Entramos em maio sem perspectiva concreta de fechar o acordo salarial dos jornalistas no segmento de rádio e TV. A data-base é 1º de dezembro, e a inflação bateu em 5,2%. Há mais de 20 anos, o modelo de negociação estruturado nesse segmento é o de reajustar os salários no máximo pela inflação, compartilhando eventual ganho econômico apenas por meio da fixação de PLR (participação nos resultados) na Convenção Coletiva, que varia de 45% do salário (nas grandes emissoras) a 30%.
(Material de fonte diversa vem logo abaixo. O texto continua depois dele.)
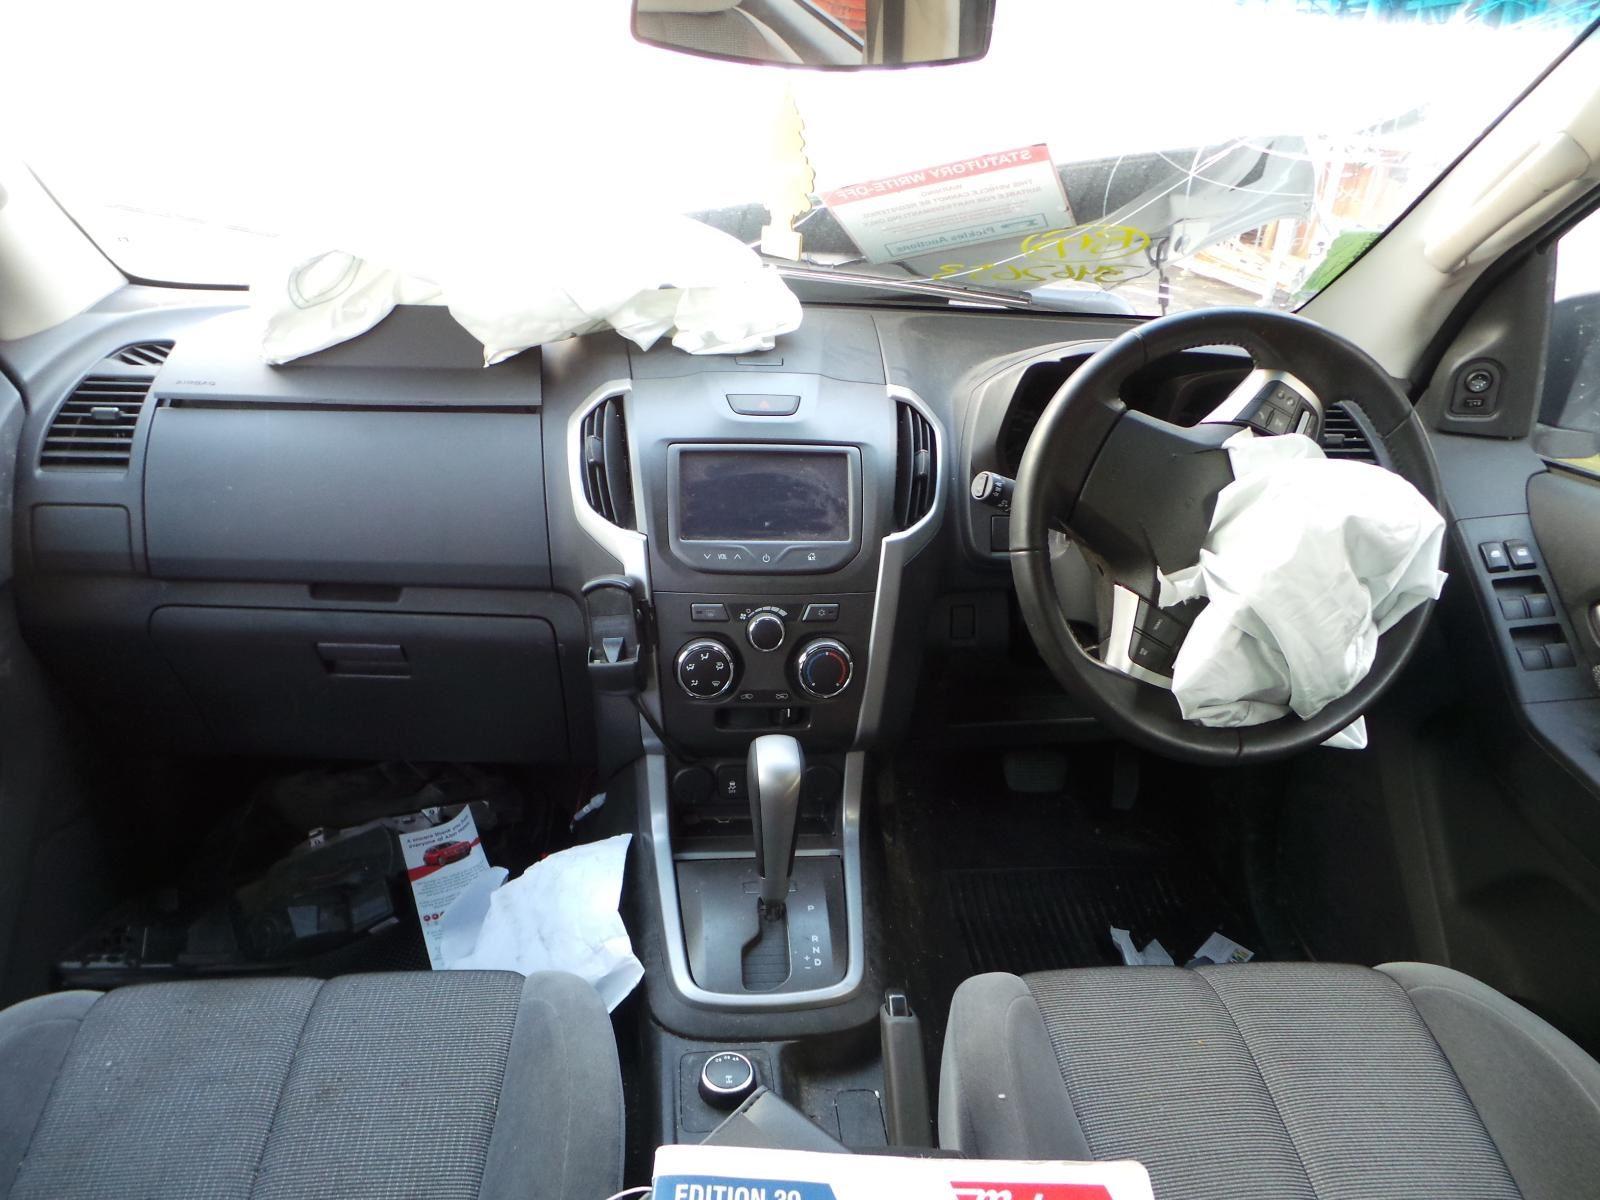 Holden Colorado Fuse Box Under Dash Rg Trade Me Nz Click To Enlarge Photo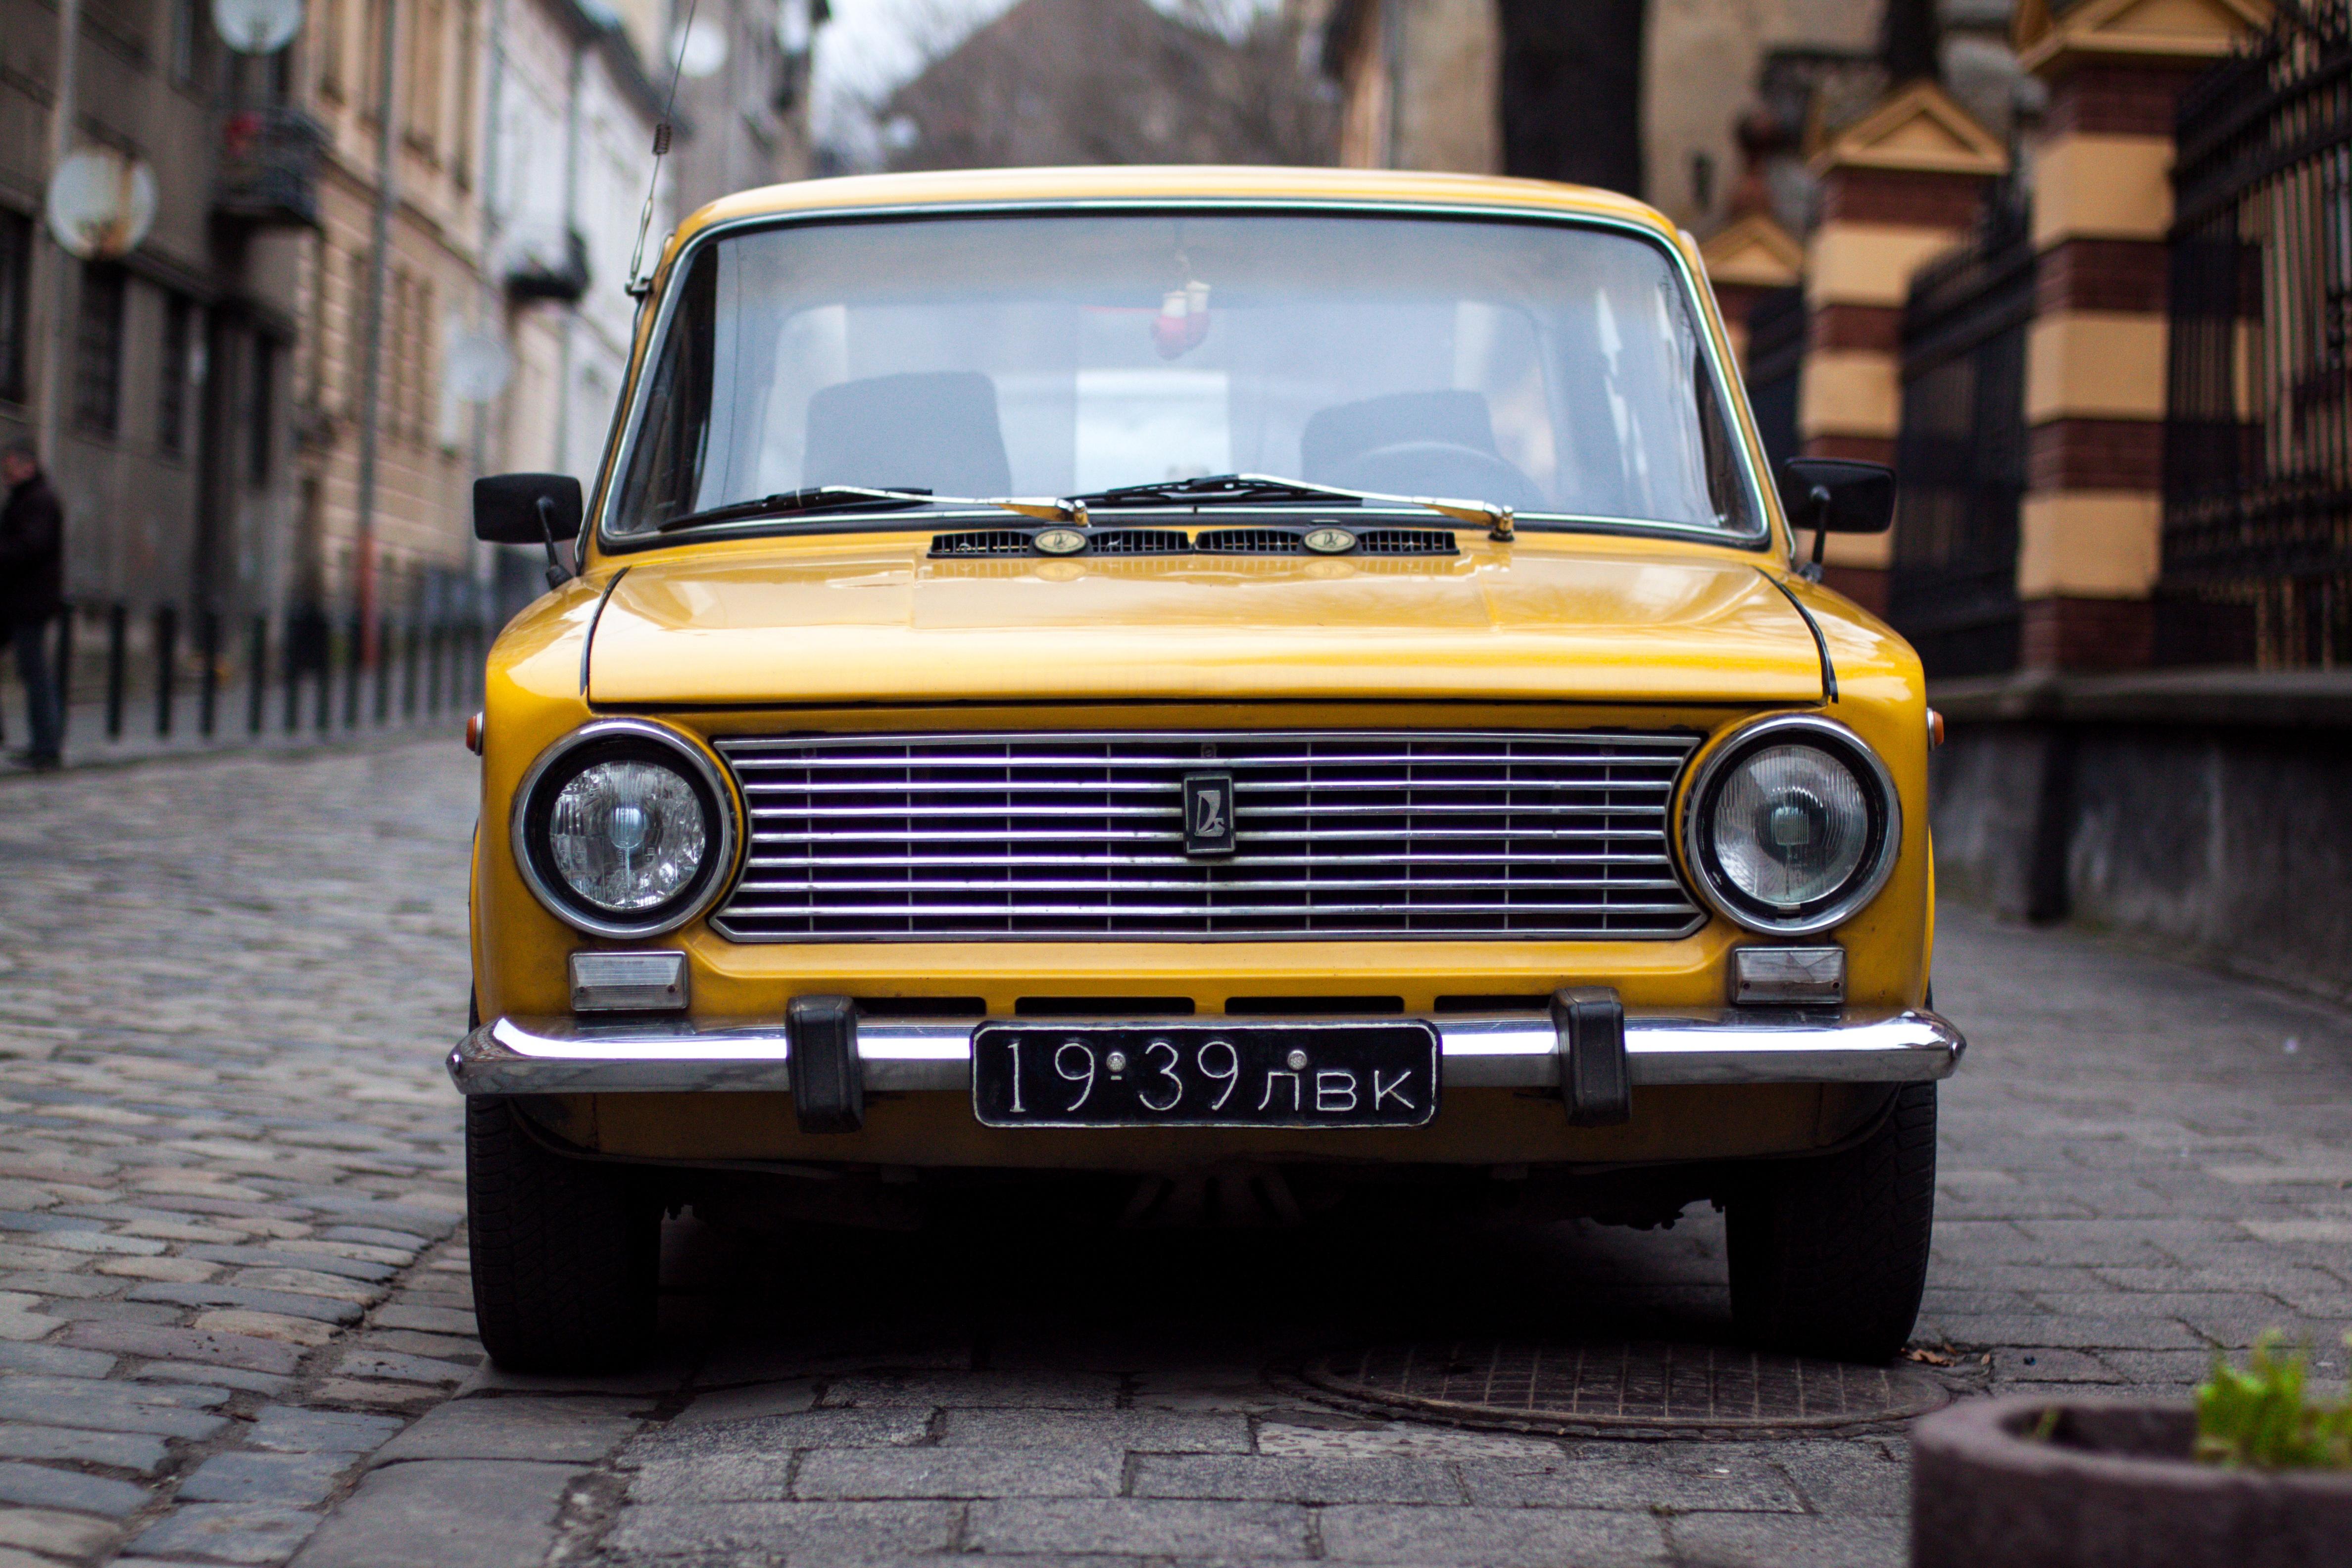 Free Images : vintage, yellow, old car, sedan, antique car, sport ...

Pois as empresas entraram na atual negociação dispostas a achatar os ganhos da categoria, propondo 0% de reajuste e retirada da PLR da Convenção Coletiva! Em janeiro, acenaram com 2% de reajuste, e, em março, 2,25% a partir de março e 2% em outubro próximo (totalizando 4,3%). PLR, zero.
Passar a boiada
Na mesa de negociação, argumentos não faltam para os jornalistas defenderem a correção inflacionária de seus ganhos. O principal é que, sob a pandemia, o jornalismo reforçou sua relevância social, virando o jogo contra as chamadas fake news. Com a chegada de uma doença desconhecida e altamente contagiosa, as pessoas passaram a buscar informação confiável. Emissoras de rádio e TV e portais de internet registraram aumento progressivo de audiência. O material jornalístico ampliou a presença nas grades de programação, sendo o motor das empresas neste período.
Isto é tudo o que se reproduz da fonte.